Utilities for working with matrices of squared Euclidean distances.

• `D̃,S = complete_distmat(D, W)`: Fills in missing entries in an incomplete and noisy squared distance matrix. `W` is a binary mask indicating available values. (Algorithm 5 from the reference below).
• `D̃,E = rankcomplete_distmat(D, W, dim)`: Same as above, but works on larger matrices and is less accurate. (Algorithm 2 from the reference below).
• `P = reconstruct_pointset(D, dim)` Takes a squared distance matrix or the SVD of one and reconstructs the set of points embedded in dimension `dim` that generated `D`; up to a translation and rotation/reflection.
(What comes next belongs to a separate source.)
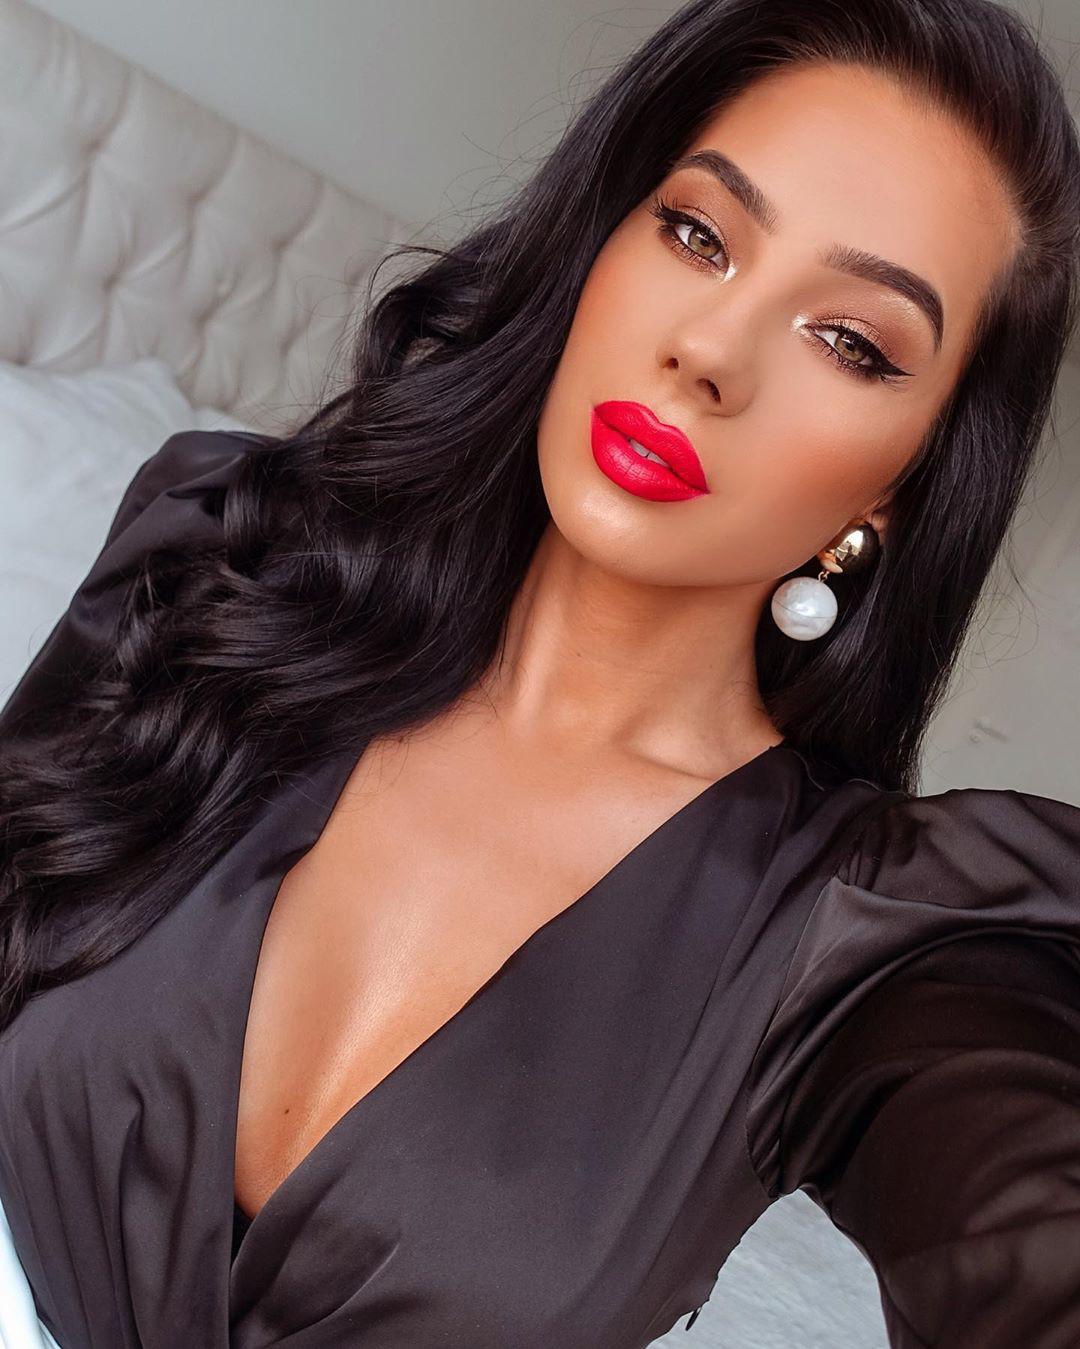 Klaudia Badura Cute Black Hairstyles, Bautiful Face, Lips Smile
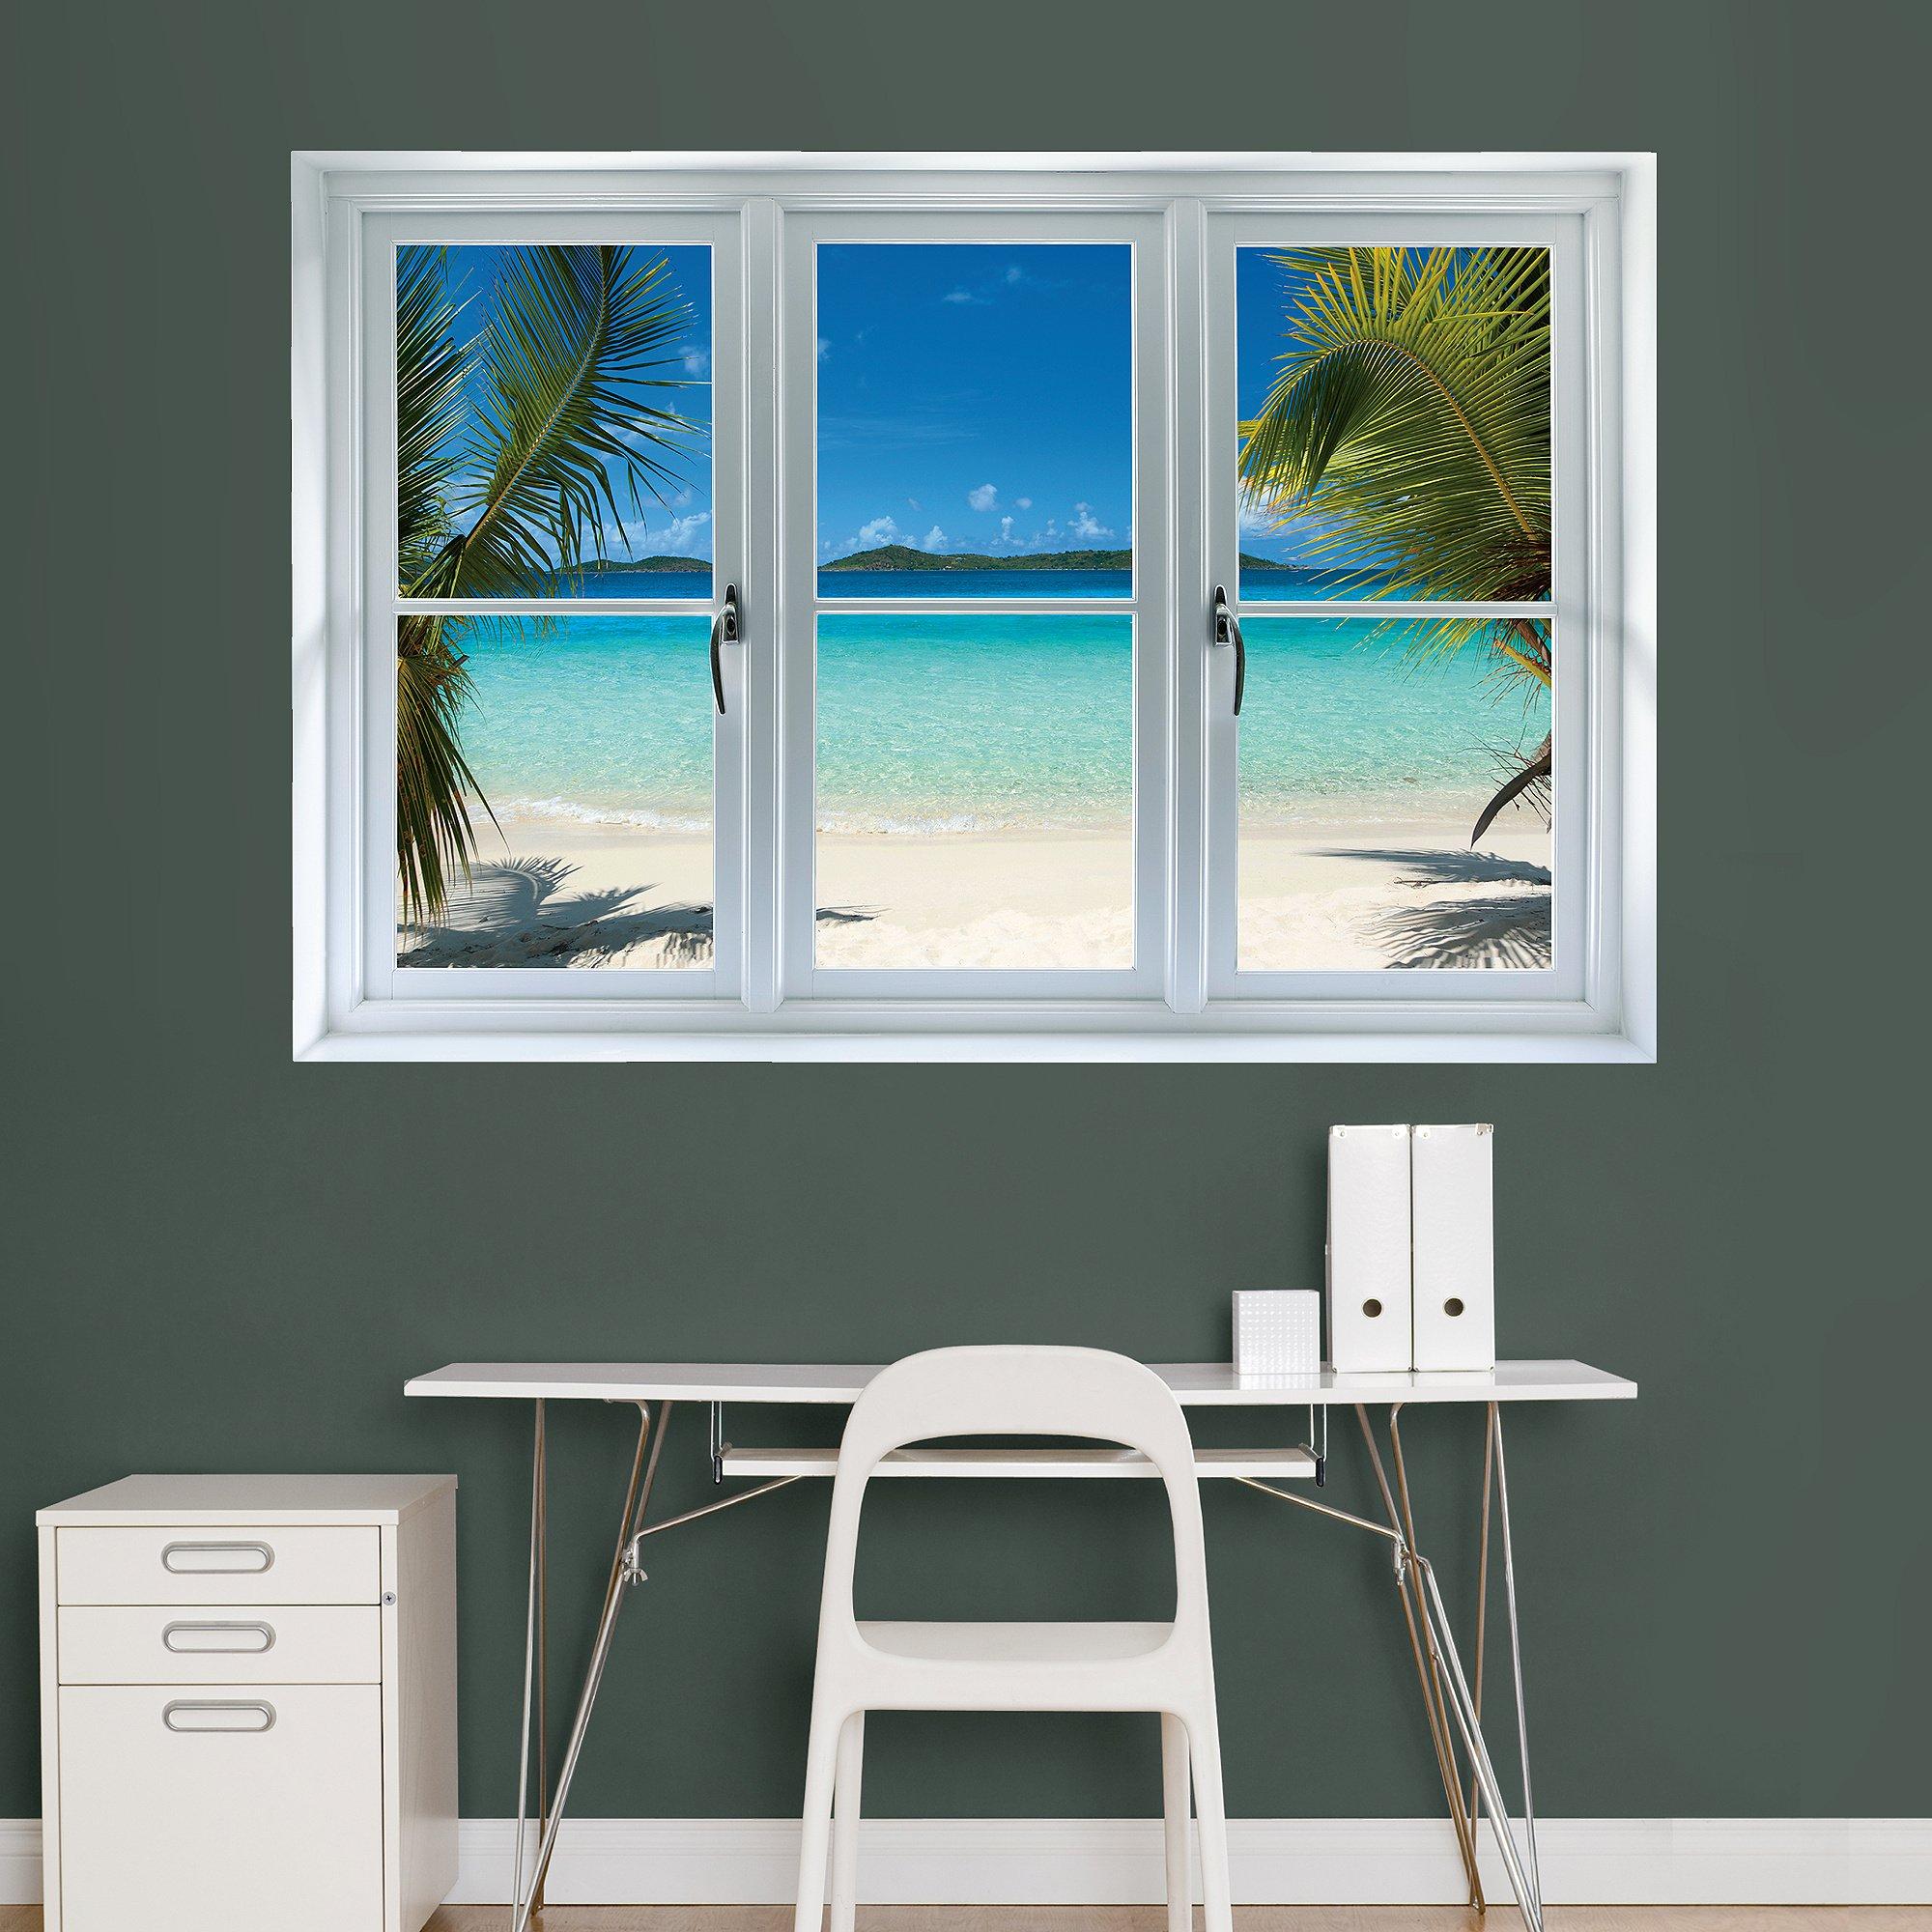 Fathead Wall Decal, ''Virgin Islands Beach Scenic Window''

See `procrustes` for help with aligning the result to a collection of anchors.
• `R,t = procrustes(X, Y)` Find rotation matrix `R` and translation vector `t` such that `R*X .+ t ≈ Y`
• `denoise_distmat(D, dim, p=2)` Takes a noisy squared distance matrix and returns a denoised version. `p` denotes the "norm" used in measuring the error. `p=2` assumes that the error is Gaussian, whereas `p=1` assumes that the error is large but sparse. The robust factorization comes from TotalLeastSquares.jl.
• `posterior` Estimate the posterior distribution of locations given both noisy location measurements and distance measurements (not squared), see more details below.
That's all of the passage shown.